Many methods (Czerniawski et al., 2018, Günther et al., 2017, Mattausch et al., 2014, Nan et al., 2012, Valero et al., 2016, Li et al., 2018b, Verdoja et al., 2017) have been presented for the detection of tables, chairs and bookcases as indoor objects from scanned point clouds by various geometry-based means in cluttered indoor scenes (Mattausch et al., 2014, Wang et al., 2017). Despite the progress made by those methods, one inherent defect is that their successes and availability depend on the assumption that all indoor objects are oriented in an upward direction with respect to the ground or, more restrictively, perpendicular to the ground (Czerniawski et al., 2018, Günther et al., 2017, Mattausch et al., 2014, Nan et al., 2012, Tchapmi et al., 2017, Valero et al., 2016, Wang et al., 2017, Li et al., 2018b, Qi et al., 2017, Verdoja et al., 2017). For a complicated indoor scene or environment with non-upward directions in clutter and occlusion, those methods are incapable of fulfilling the tasks of detection and classification of indoor objects with oblique or even curved surfaces that violate the underlined assumption.

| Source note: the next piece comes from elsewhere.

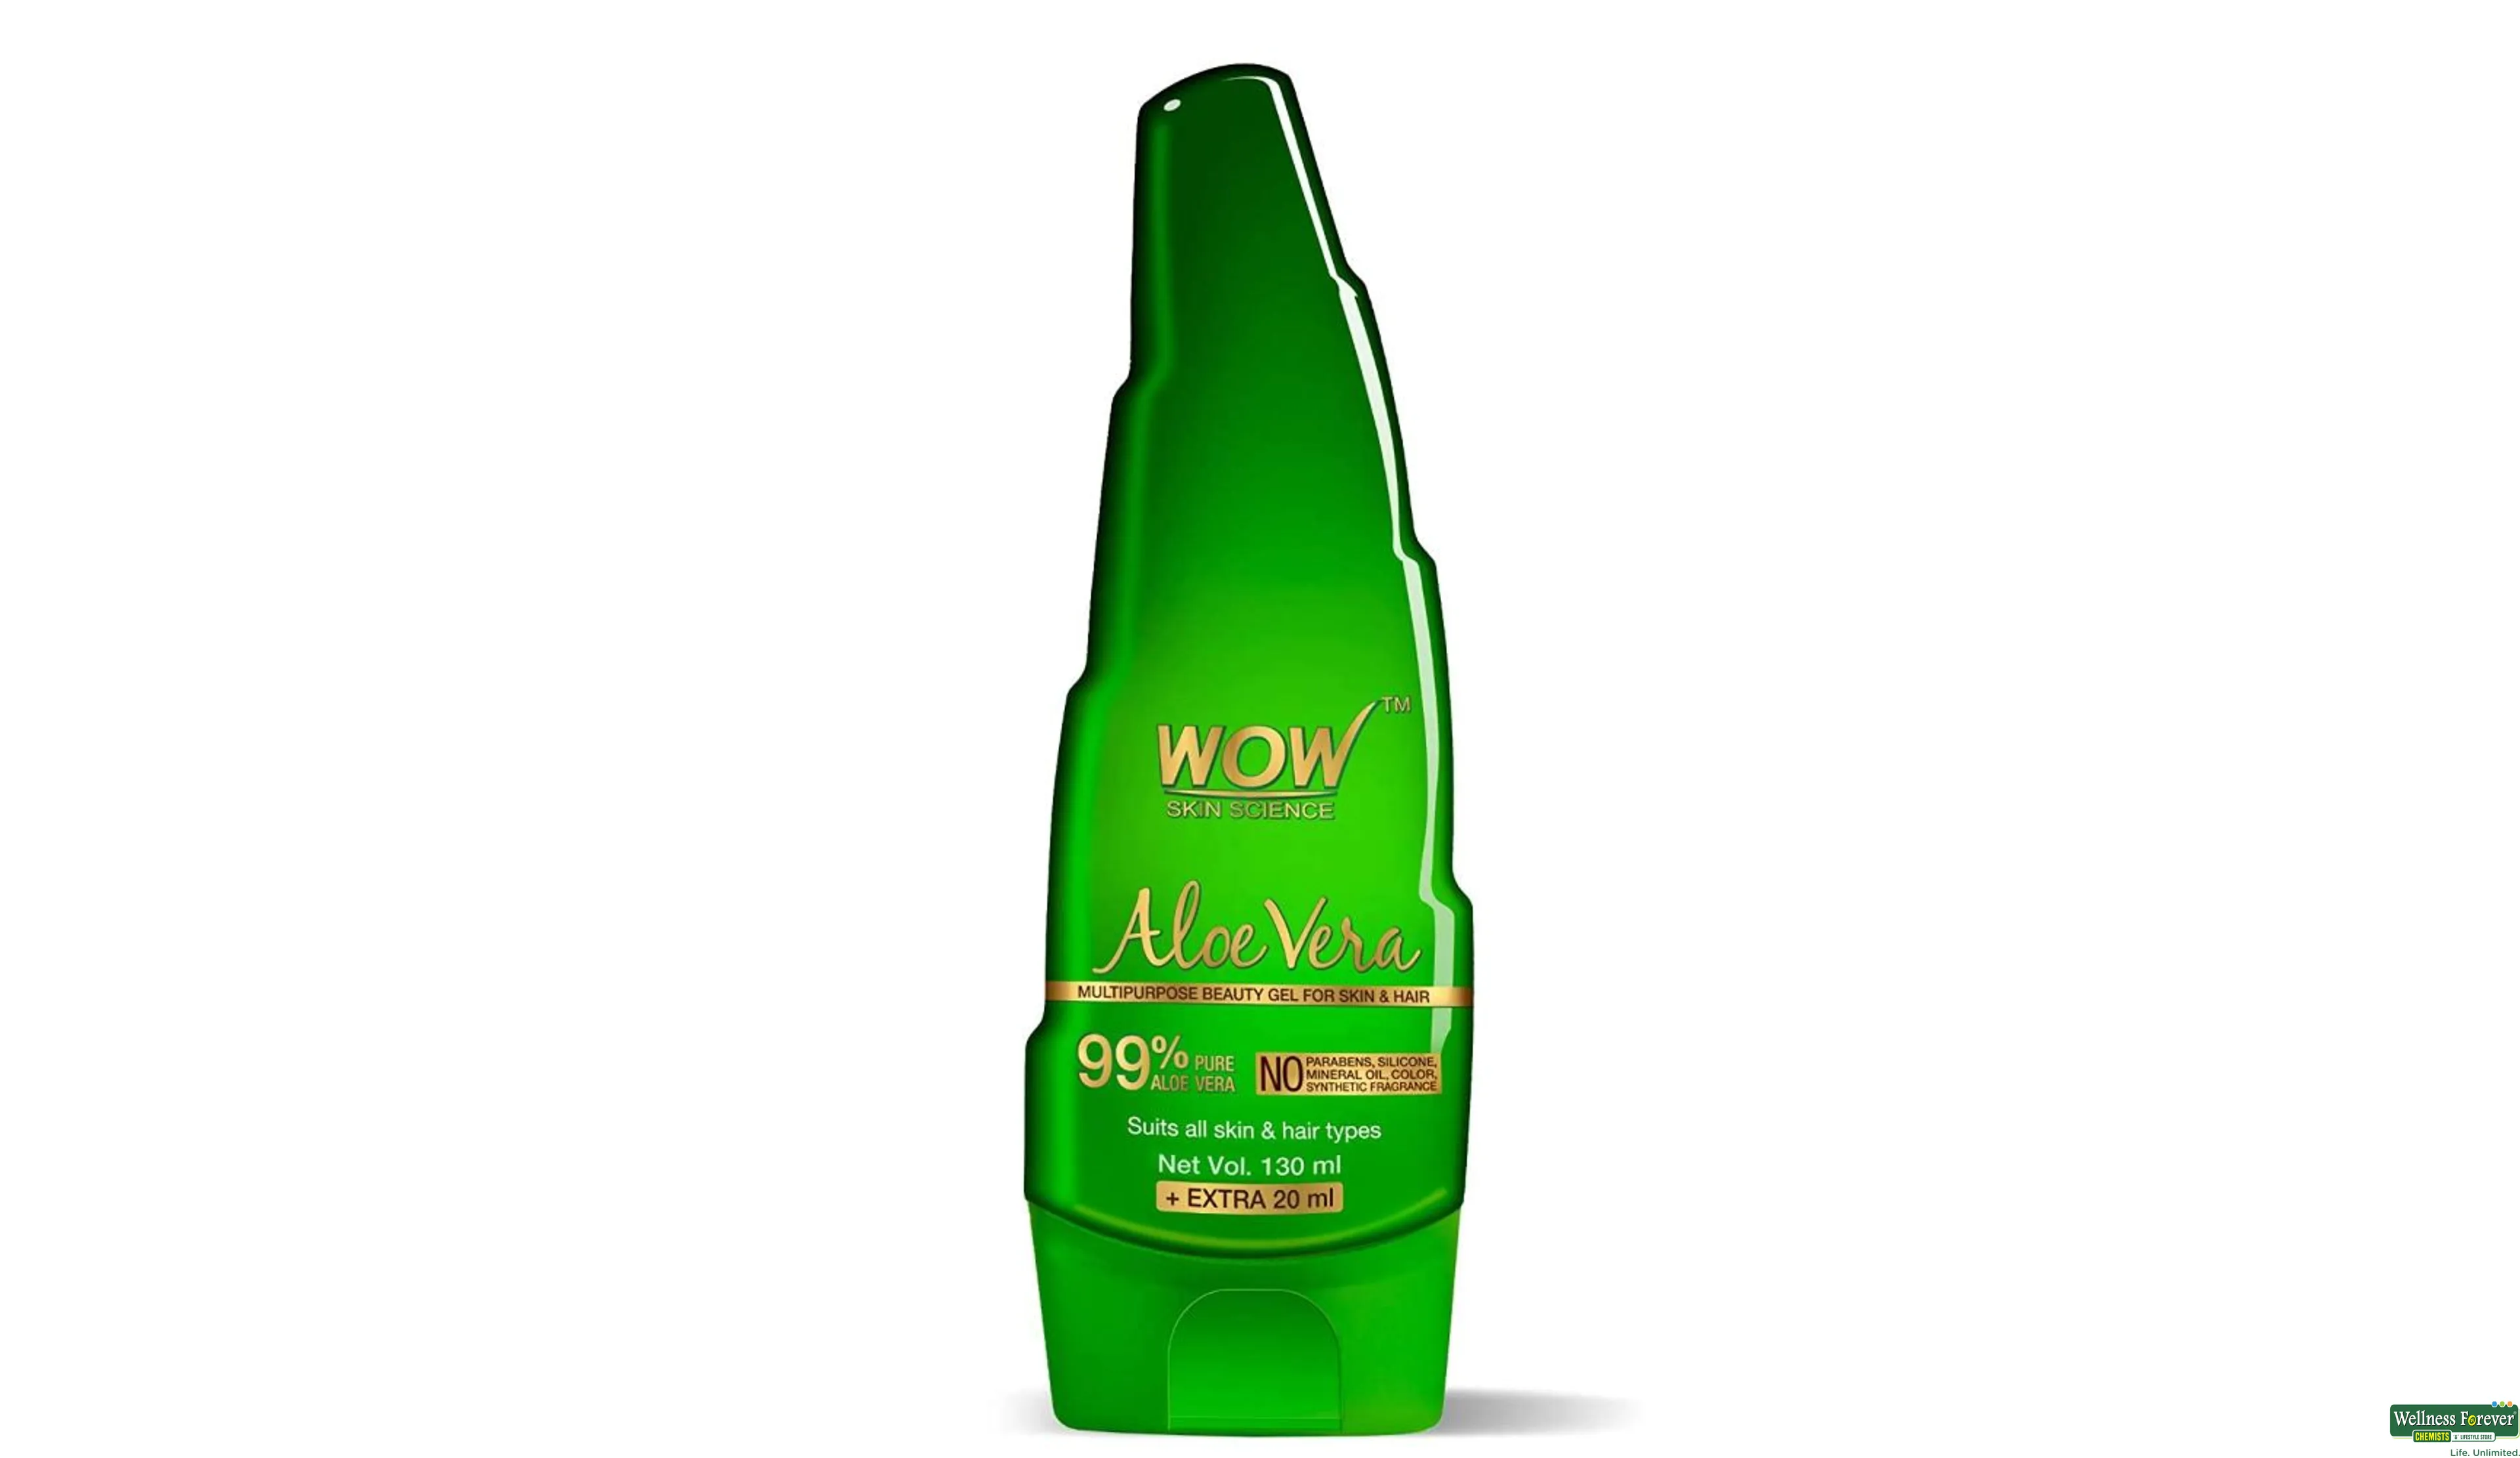 Green Fig Aftershave Splash, 100% Organic Witch Hazel, Aloe Vera,  Hyaluronic Acid, 100 Ml 
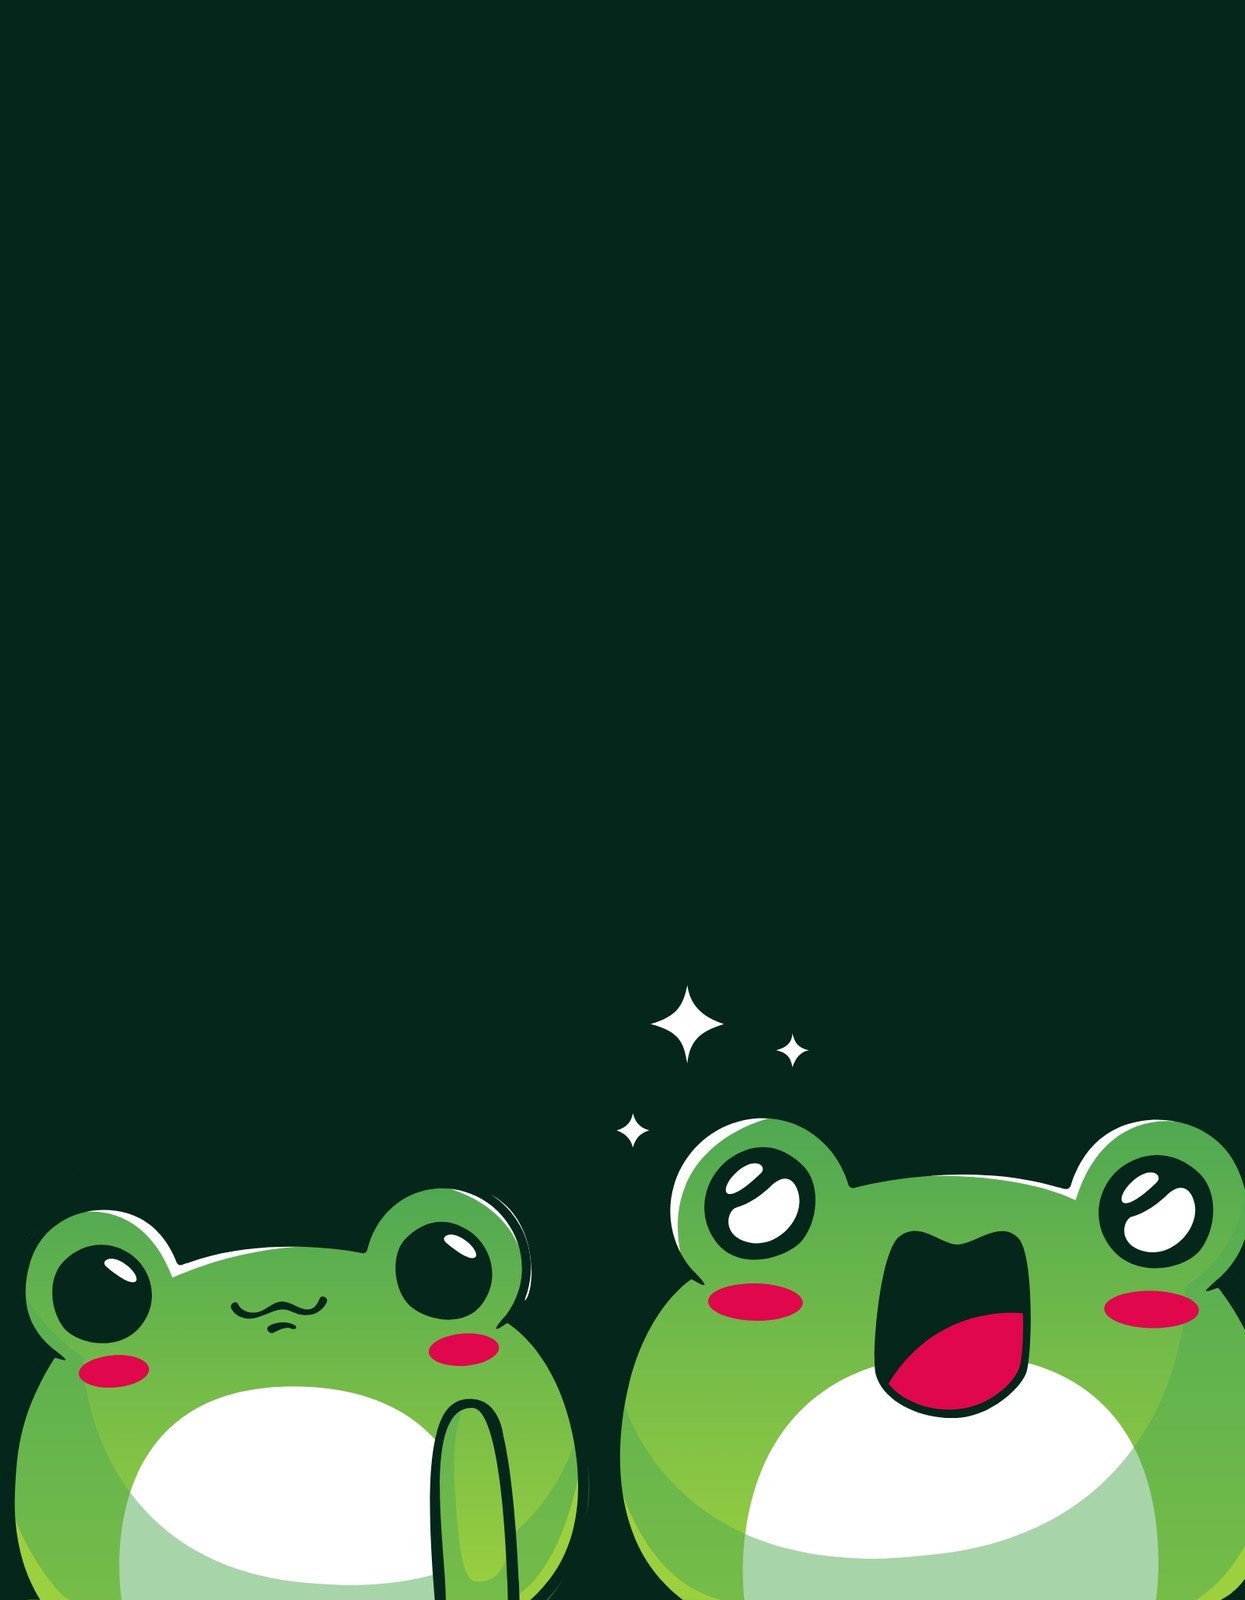 Free download froggy edits Frog wallpaper Cute cartoon wallpapers Frog art  720x1368 for your Desktop Mobile  Tablet  Explore 24 Cartoon Frog  iPhone Wallpapers  Cartoon Frog Wallpaper Frog Backgrounds Frog Wallpaper

In addition to the abovementioned semantic methodology, substantial attention has recently been paid to the methodology of deep learning. As reviewed by Guo et al. (2020), the deep learning methodology, including multi-view-based (Tatarchenko et al., 2018, Su et al., 2015), voxel-based (Choy et al., 2019, Tchapmi et al., 2017) and point-based (Liang et al., 2019, Qi et al., 2020, Jiang et al., 2019, Li et al., 2018b, Qi et al., 2016, Qi et al., 2017, Qi et al., 2019), provides a very good mechanism with a great potential for semantically detecting and classifying indoor objects. However, its effectiveness comes from its fullness of training data. Only rich training data can produce satisfactory segmentations and classifications. For scenes with arbitrarily oriented objects, it is not easy to acquire all the necessary training data since objects with arbitrary orientations present a wide variety of discriminative features to be captured by this learning mechanism, where the varying orientation or pose of an object may generate a vastly different range of features. For these kinds of scenes, the semantic methodology will show its merit where semantically structures can be embedded in the process of detecting and classifying indoor objects with arbitrary orientations. Therefore, finding some structural and geometric features that are independent from the variation of object orientations warrants further exploration.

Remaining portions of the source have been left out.